Есть такие, кто читает, лишь бросая взгляд, и закрывает книгу, еще не увидев всего. Так и я извлекаю из книги, что листаю в душе, смутную историю, воспоминания о каком-то другом бродяге, отрывки описаний сумерек и лунного света, аллеи парков и фигуры в шелках – проходящие, преходящие.
Я не отличаю скуки от золота. Следую одновременно по улице, по вечеру и по страницам воображаемой книги, и вот путь действительно пройден. Я отдыхаю, будто нахожусь на борту корабля – уже в открытом море.
Внезапные мертвые лампы своим светом вдвое удлиняют длинную и кривую улицу. Моя грусть возрастает точно от глухого удара. Вот книга закончилась. Я один в воздушной вязкости абстрактной улицы, внешняя нить чувств, как слюна слабоумной Судьбы, забрызгивает сознание моей души.

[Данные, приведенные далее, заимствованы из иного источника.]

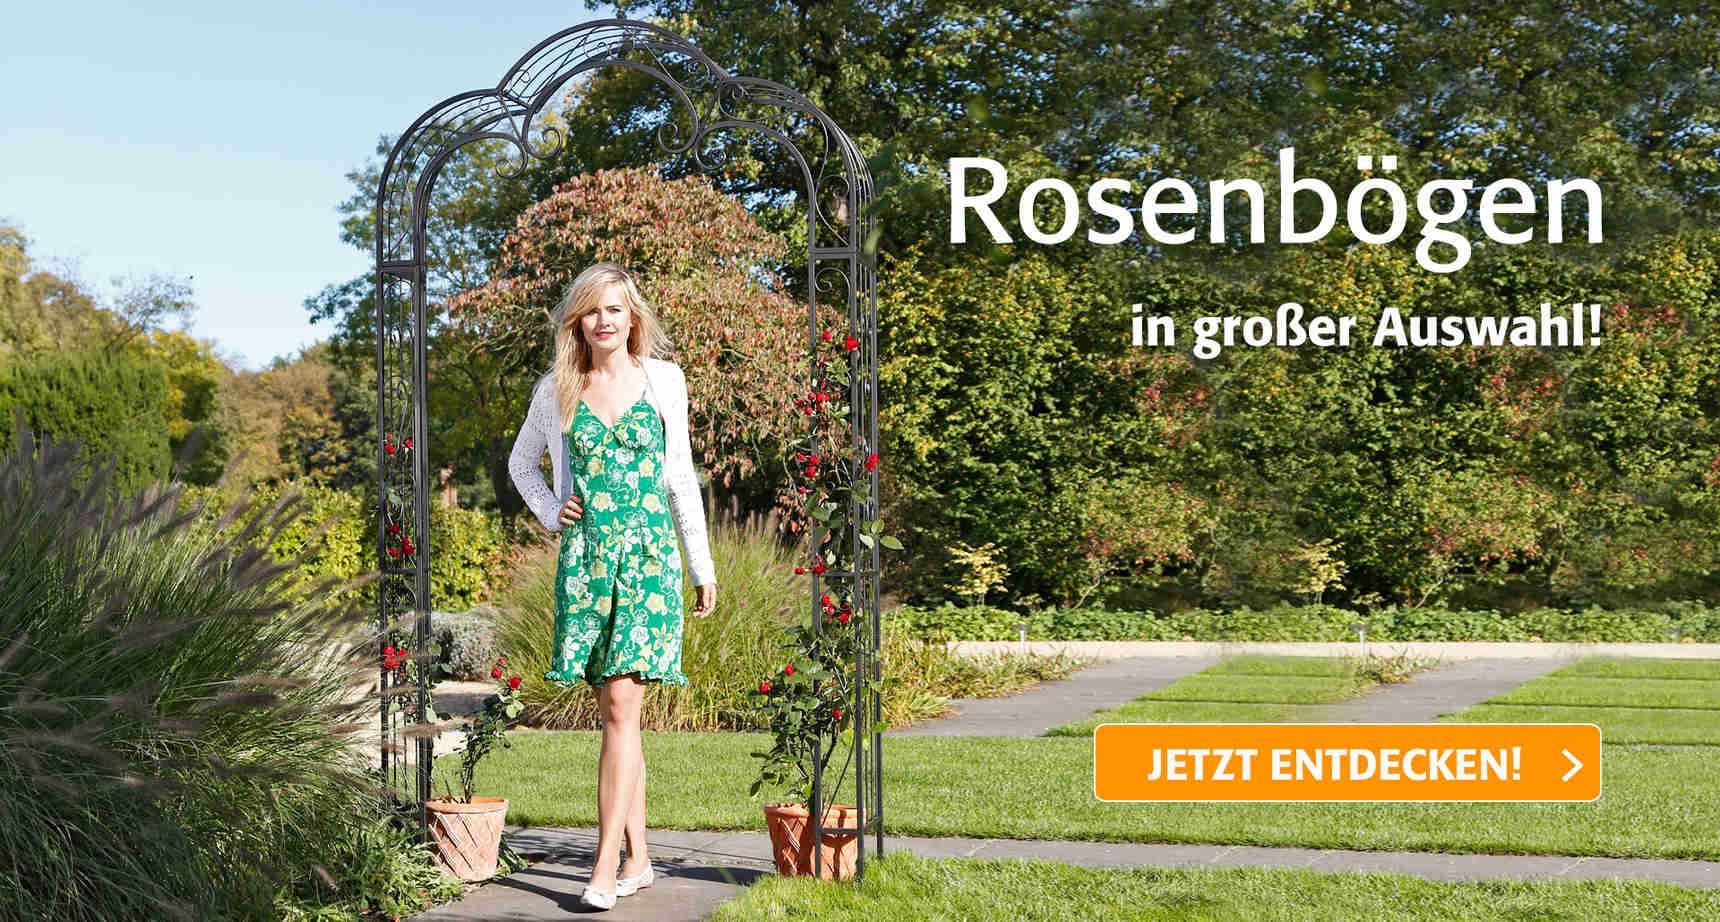 +++ (3) Rosenbögen +++ - 3

У ночного города иная жизнь. Иная душа у того, кто смотрит в ночь. Продолжаюсь как история, иносказательная и метафорическая, от воспринимающего ирреальность рассказчика. Чудесно рассказанная, она могла бы воплотиться, но не полностью в мире этого романа, в начале одной из глав: «В этот час можно было видеть одного человека, медленно следующего по улице…»
Что́ для меня жизнь?
Промежуток
Я изначально потерпел неудачу в жизни, потому что даже в мечтаниях она мне не казалась восхитительной. Меня настигла усталость от мечтаний… Я испытал ощущение внешнее и ложное, похожее на то, что чувствуешь, достигая границы бесконечного пути. Я вышел из себя, не знаю куда, и остался там, застывший и бесполезный. Я – что-то, что было. Я не нахожу себя там, где я себя ощущаю, а если ищу себя, не знаю, кто это тот, ищущий меня. Скука всего размягчает меня. Чувствую себя изгнанным из собственной души.
Я сопровождаю себя. Являюсь очевидцем себя самого. Мои ощущения проходят перед моим взглядом, не знаю каким, как что-то внешнее. Ненавижу меня во мне – во всем. Все вещи, вплоть до их корней в некоем таинстве, приобрели цвет моего отвращения.
Были уже увядшими цветы, врученные мне Часами. Мое единственно возможное действие – медленно обрывать их лепестки. В этом вся полнота старения!
Мое действие болезненно для меня, как героизм… Когда я представляю себе самый простой жест, он утомляет меня, будто я действительно его сделал.
Я не стремлюсь ни к чему. Жизнь причиняет мне боль. Мне плохо там, где я нахожусь и где я мог бы, по моим предположениям, находиться.
Мой идеал – не совершать никаких действий, кроме псевдодействия отступления, – подняться, чтобы упасть туда же, сиять на солнце бесцельно и звучать тонко, как водные струи, в ночной тишине, чтобы кто-то увидел реку в своих мечтах или снах и улыбнулся бы беспамятно.